Есть по меньшей мере три основания, по которым Адорно достоин своего места среди рассматриваемых в этой книге теоретиков. Он говорил от себя, он писал будучи собой и размышлял о себе.
Адорно говорил от себя. В многочисленные сочинения, и не только в «Minima Moralia», он втиснул автобиографические миниатюры. Великим образцом для него был Вальтер Беньямин – может быть, единственный современный теоретик, которого он признавал сильнее себя. Это тайное соперничество сказалось в его смешении близи и дали. Если Беньямин в «Берлинском детстве» и других текстах искусно поддерживает колебания между неисчерпаемыми воспоминаниями и точеными теоретическими формулировками, то некоторые автобиографические сценки у Адорно выглядят порой несколько топорно. Они, как правило, служат неким примером, за которым следует аподиктическая сентенция. И все же эти личные вкрапления суть нечто большее, чем просто иллюстрации, они играют роль заклинания от герметической замкнутости теории. Для «самой осмотрительной рефлексии, – писал Адорно, – эксперимент должен быть произведен в малом масштабе».[390]

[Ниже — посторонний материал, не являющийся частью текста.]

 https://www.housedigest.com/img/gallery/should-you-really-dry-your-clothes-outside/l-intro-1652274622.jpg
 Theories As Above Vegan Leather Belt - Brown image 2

Адорно писал будучи собой. Ему было совершенно не по душе вычеркивать себя как пишущего, и именно потому, что ему, как и Кьеркегору, которому он посвятил габилитационную диссертацию, нейтральная позиция строителя «системы» казалась очень подозрительной: в самонадеянной претензии схватить «целое» ему мнился сговор с «неистинным».[391] «Мир есть система ужаса, поэтому тот, кто мыслит его как систему, оказывает ему слишком много чести».[392] Его «Негативная диалектика» не могла быть ничем иным, как «антисистемой».[393] В отличие от Ницше и Фуко, он редко стилизовал свою теоретическую работу под работу над самим собой. В отличие от Стэнли Кэвела, Адорно отказывался подменять формирование понятий своим собственным «голосом». И все же в его текстах есть тот неповторимый sound, который обрел много преданных подражателей и умелых карикатуристов. Адорно часто формулирует фразы, используя необычный синтаксис, и таким отчуждающим приемом подчеркивает намерение вырвать свое высказывание за пределы обыденности.

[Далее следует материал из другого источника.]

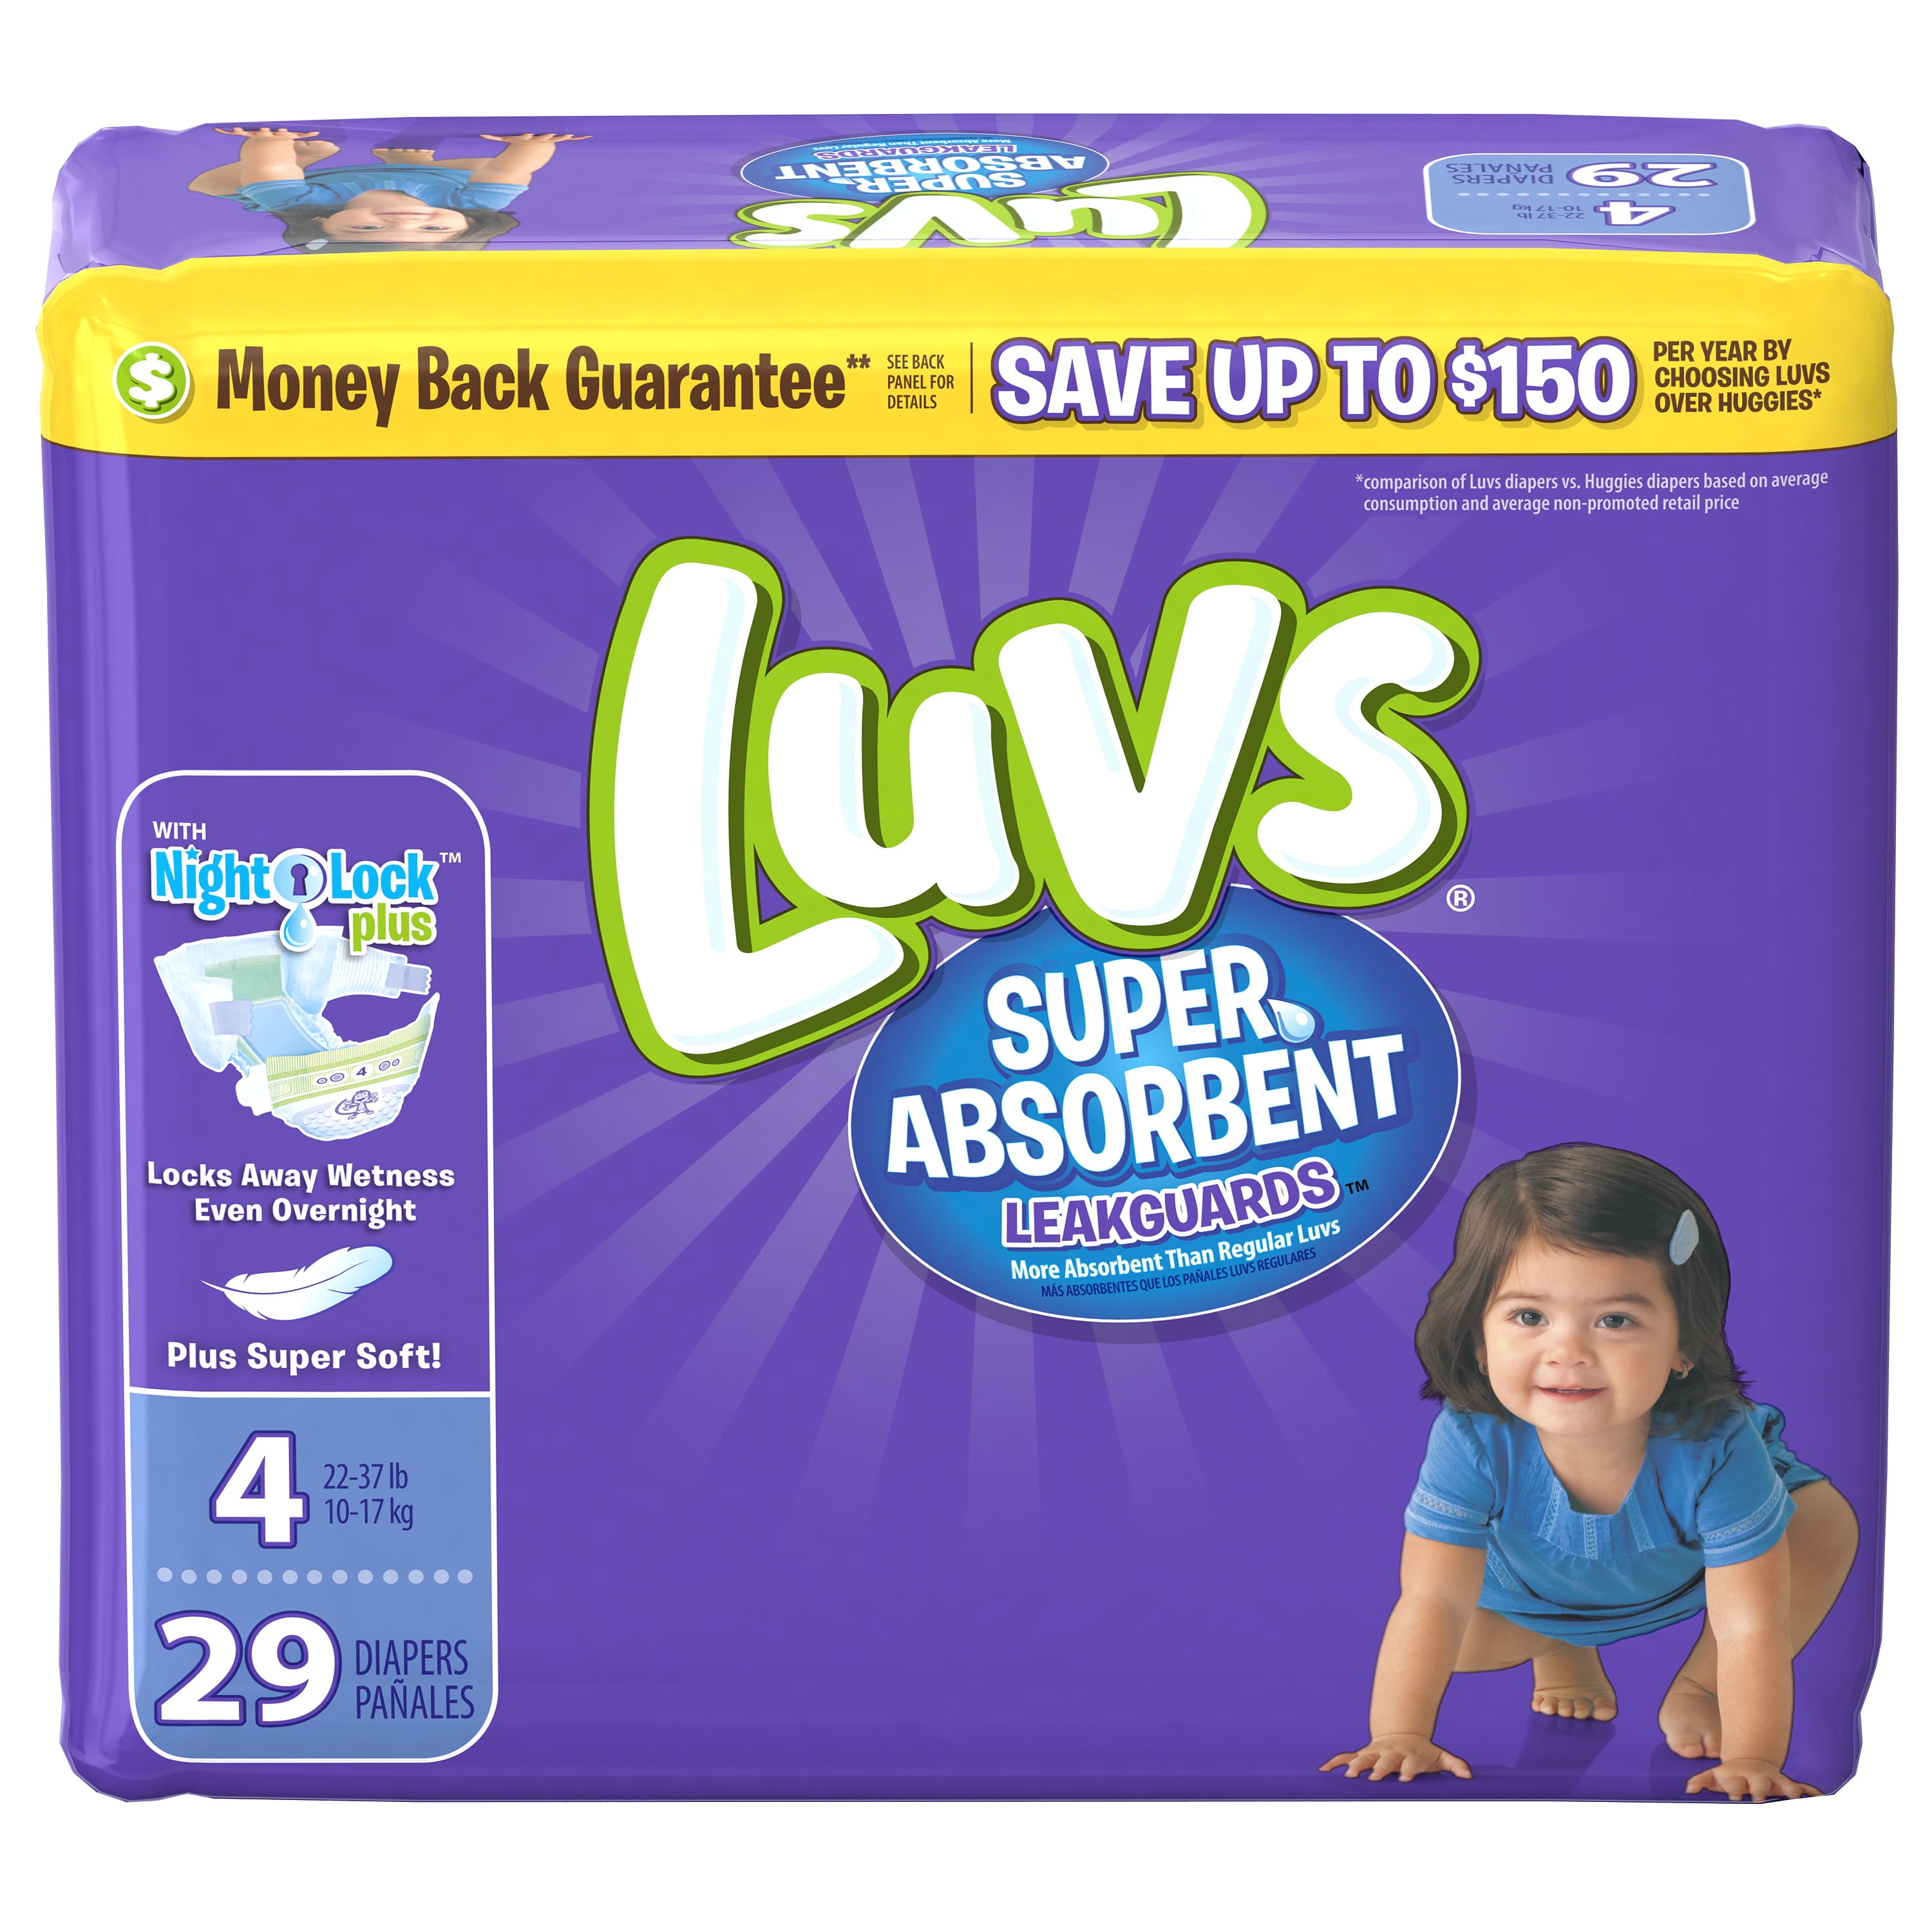 Luvs Super Absorbent Leakguards Newborn Diapers Size 4 29 count

Адорно размышлял о себе. Его теория вращалась вокруг фигуры, стоящей в центре в том числе и теории автобиографии, – фигуры субъекта. Адорно преследовал при этом интерес, очень характерный и для других теоретиков, рассматриваемых в этой книге, особенно для Фуко: интерес к историческом генезису субъекта. Того я, которому приписываются поступки и опыт, того я, о котором можно рассказывать или которое рассказывает о себе, согласно Адорно, просто нет, но это я в лучшем случае в муках развивает и утверждает себя. Одно из впечатляющих мест в «Диалектике Просвещения», написанной в соавторстве с Максом Хоркхаймером, гласит:
Что-либо ужасающее человечество было вынуждено учинять над самим собой до тех пор, пока не была создана самость, идентичный, целенаправленный, мужской характер человека, и что-нибудь из этого все еще повторяется в детстве каждого. Стремление удерживать [прочную спаянность] я присуще я на всех этапах, и соблазн его потерять всегда сочетался со слепой решимостью его сохранить.[394]
Не только «самость», но и автобиографический проект утрачивает тем самым свою невинность, которой он, возможно, никогда и не имел. Он оказывается идейно нагруженной и, может быть, невыносимой идеей, определившей весь «путь, проложенный европейской цивилизацией».[395]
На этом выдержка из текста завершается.